UNHCR spokesperson Andrej Mahecic told reporters in Geneva that the recent surge in numbers of refugees and others displaced by the fighting is putting additional pressure on humanitarian agencies, which are critically short of funds.

“Given the increasingly protracted nature of the unrest in Libya, unless funding is provided urgently, a number of protection and assistance programmes will have to be scaled back along the border areas and inside Libya,” he warned.

A ship chartered by the UN Children’s Fund (UNICEF) carrying supplies for 15,000 to 25,000 people is expected to dock in the city of Misrata tomorrow. The supplies include first aid kits, drinking water, water purification tablets, hygiene material and recreational material for children.

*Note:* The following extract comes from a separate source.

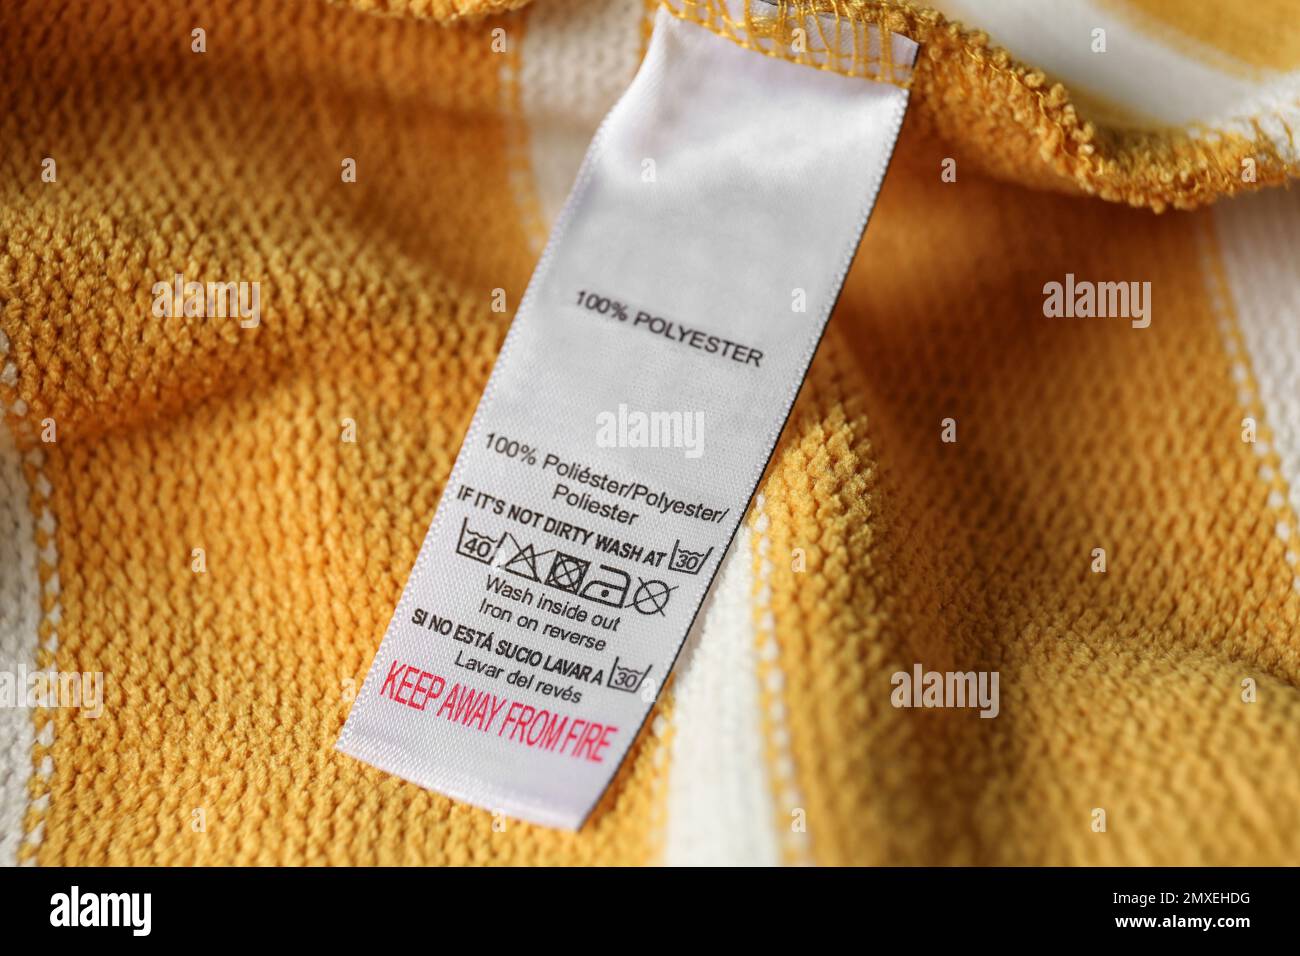 Clothing label with care symbols and material content on yellow shirt, closeup view Stock Photo

Marixie Mercado, the agency’s spokesperson in Geneva, told reporters that a clearer picture of the toll of the fighting on children is emerging. “It is far worse than UNICEF had feared and certain to get worse unless there was a ceasefire,” she said.

Radhika Coomaraswamy, the Secretary-General’s Special Representative on Children and Armed Conflict, said today that the situation of girls and boys in Misrata is of particular concern, at a time when heavy shelling, bombardment, and land mines claim children as victims.

“Despite [the] outcry from the international community, children continue to be the victims of the conflict in Libya,” she said in a statement in which she urged all sides to immediately stop using children as combatants and to put an end to the killing and maiming of girls and boys.

According to the World Health Organization (WHO), the Misrata hospital is overwhelmed and faces difficulties in conducting surgeries, as its capacities are overstretched and 120 patients needed evacuation.

The priorities continued to be access for medical evacuation and ensuring the availability of medicines for non-communicable diseases, given the urgent need for medical supplies to treat vascular diseases, diabetes, hypertension and cancer, said WHO spokesperson Tarik Jasarevic.